Crimes against humanity

  • -The accused pursued a policy of persecution, repression and extermination of enemies of the Nazi government. The Nazis threw people into prison without a trial, subjected them to persecution, humiliation, enslavement, torture, and killed them.

On October 18, 1945, the indictment was submitted to the International Military Tribunal and a month before the start of the trial, it was handed to each of the accused in German. On November 25, 1945, after reading the indictment, Robert Ley committed suicide, and Gustav Krupp was declared terminally ill by the medical commission, and the case against him was dismissed before the trial.

The rest of the accused were put on trial.

Court

In accordance with the London Agreement, the International Military Tribunal was formed on an equal basis from representatives of four countries. The representative of Great Britain, Lord J. Lawrence, was appointed Chief Justice.
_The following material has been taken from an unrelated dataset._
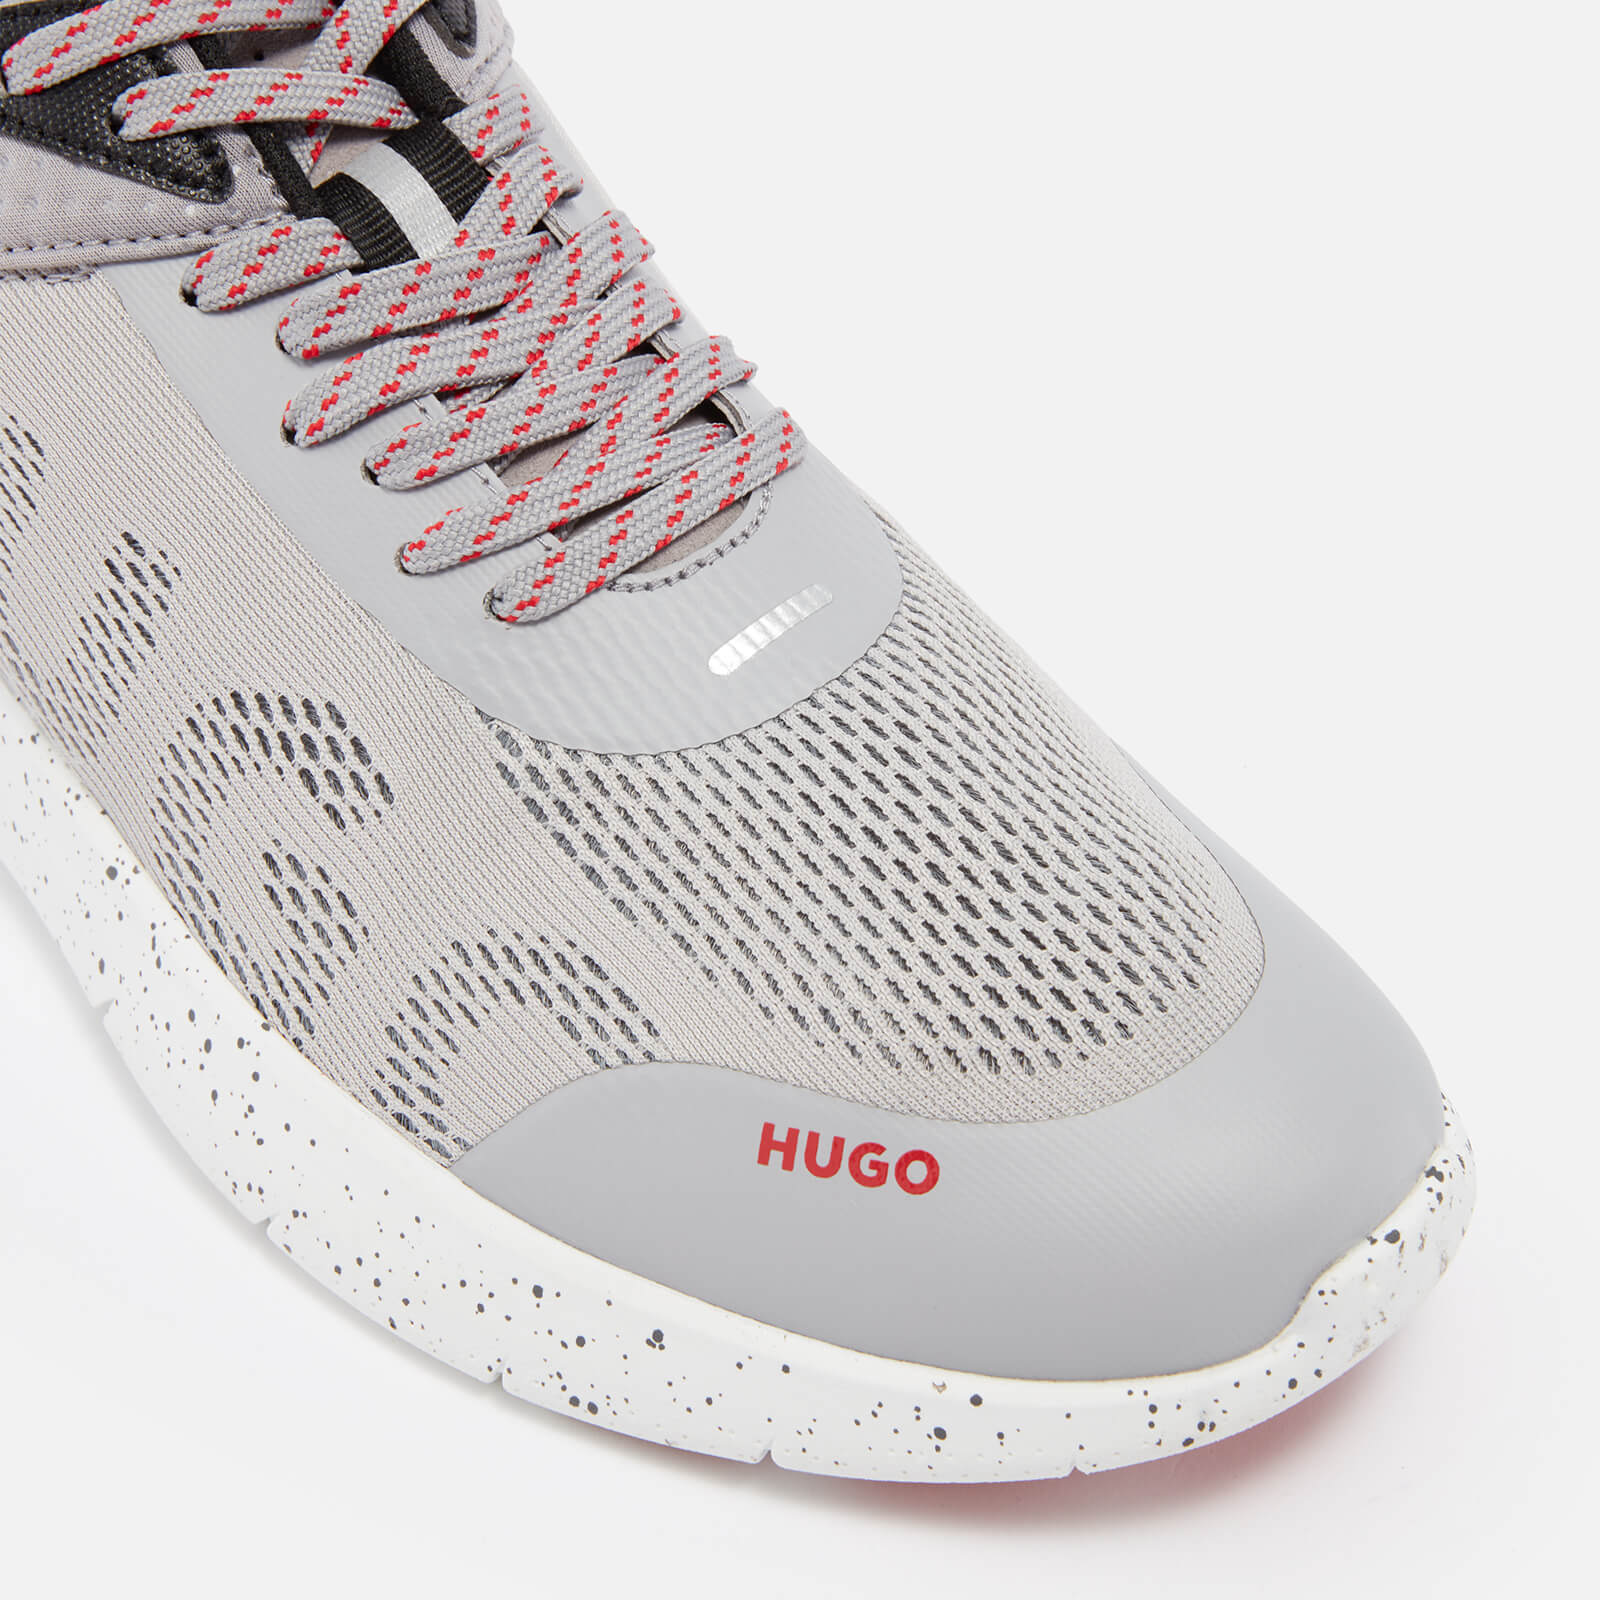 hugo men's wayne mesh running-style trainers - uk 8

From other countries, the members of the tribunal approved:

  • - from the USSR: Deputy Chairman of the Supreme Court of the Soviet Union, Major General of Justice I. T. Nikitchenko.
  • -from the USA: former Attorney General of the country F. Biddle.
  • -from France: Professor of Criminal Law A. Donnedier de Vabre.

Each of the 4 countries sent its main prosecutors, their deputies and assistants to the trial:

  • - from the USSR: Prosecutor General of the Ukrainian SSR R. A. Rudenko.
  • -from the United States: Federal Supreme Court Justice Robert Jackson.
  • -from UK: Hartley Shawcross
  • -from France: François de Menthon, who was absent during the first days of the process, and was replaced by Charles Dubost, and then Champentier de Ribe was appointed instead of de Menthon.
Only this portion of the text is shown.